I believe the local people usually know where the centre is. They tell you when you ask them. Give it a try, I bet you'll see that you get similar answers.
I would expect this most central spot to be often in front of the townhall (maybe sometimes the cathedral) or the main market square (in traditional towns) or likely both. Maybe the train station can be such a center as well (in more recent towns which developed after the railway was invented).
One criterion could be: where would you go to protest something. If you were to gather together with "all" citizens, where would you go.
Streetsigns aren't useful from my experience. Often the centre is inside the main pedestrian area (typical for Germany, where many historic city centres have been pedestrianized) and it is generally so big that you will get signs in the outskirts indicating "city centre", but when you arrive there will not be a sign stating "this is the city centre", the signs will simply stop indicating a centre when you are in a central area (they might indicate "all directions" now, but that's a different story, maybe to be told another time).
In special cases there could even be several centres, e.g. Berlin (there might be a bit of a difference between big cities and smaller towns). For West-Berliners, the centre was likely Breitscheidplatz (in OSM) and as you can see it is also very close to the former main station of West Berlin, Bahnhof Zoologischer Garten).

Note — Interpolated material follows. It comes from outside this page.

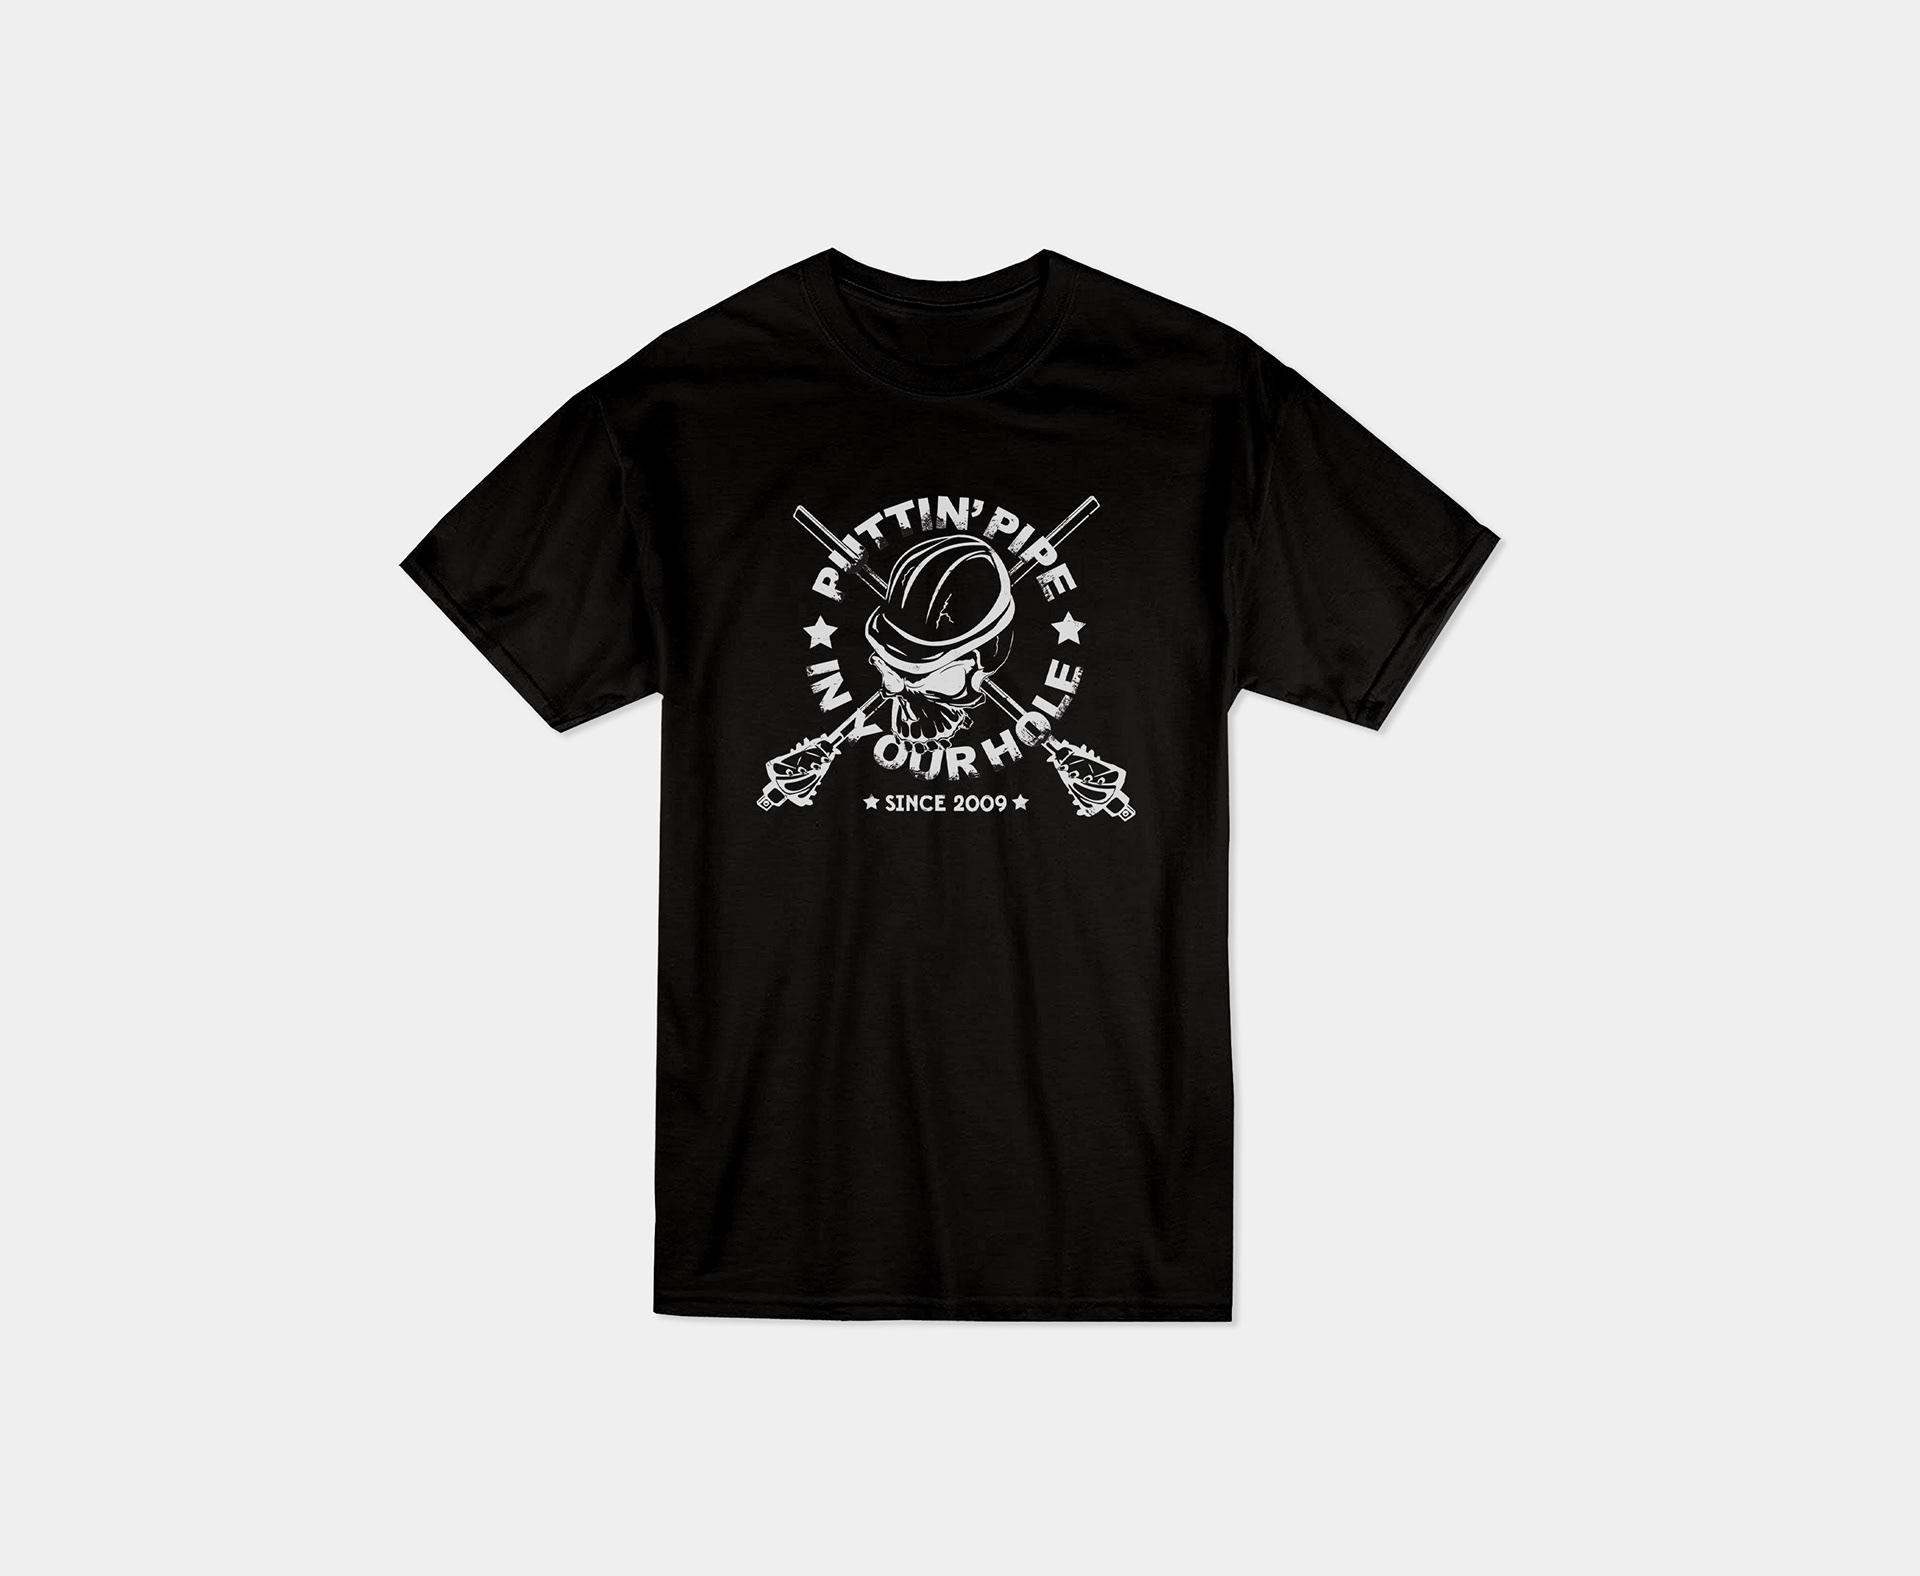 steven paslawsky - Ironman Directional Drilling T-Shirt Designs

For the people in East Berlin it was probably Alexanderplatz (in OSM) with the centre extending also to here (between tower and main town hall. There might be some other opinions because the former centre (castle) was also reclaimed by the officials, naturally (see below). This is Alexanderplatz, you can also see the prominent tower, visible from everywhere in the city. Huge towers are generally issueing a statement of centrality). There's also a station, but it is not important as a train station (it is a very important underground station though, with 3 lines crossing):
Berlin central island
Another central spot and maybe the official centre during the GDR, surely during the German Empire, is the palace (Stadtschloss) (now in reconstruction), (in OSM), in times of the GDR this was the place of the "palace of the republic" (Palast der Republik), at its side there is also the national council.
In this map from 1688 you can see the central island (yellow-green). By that time there were still 2 towns, Berlin (purple) and Cöln (yellow), and this origin is likely a reason that there's some concurrency between Alexanderplatz and the castle. The castle is signed a. Alexanderplatz is in Berlin, while the castle is in Cöln.
The Berlin castle 1900
After tearing down the castle and waiting 20 years (in the meantime they set up a permanent grandstand for their military parades on national holidays), the palace of the republic was errected (after the reunification, the Germans waited again 20 years, until they decided to demolish this "palace" and reconstruct something which imitates the imperial castle's volume and facade).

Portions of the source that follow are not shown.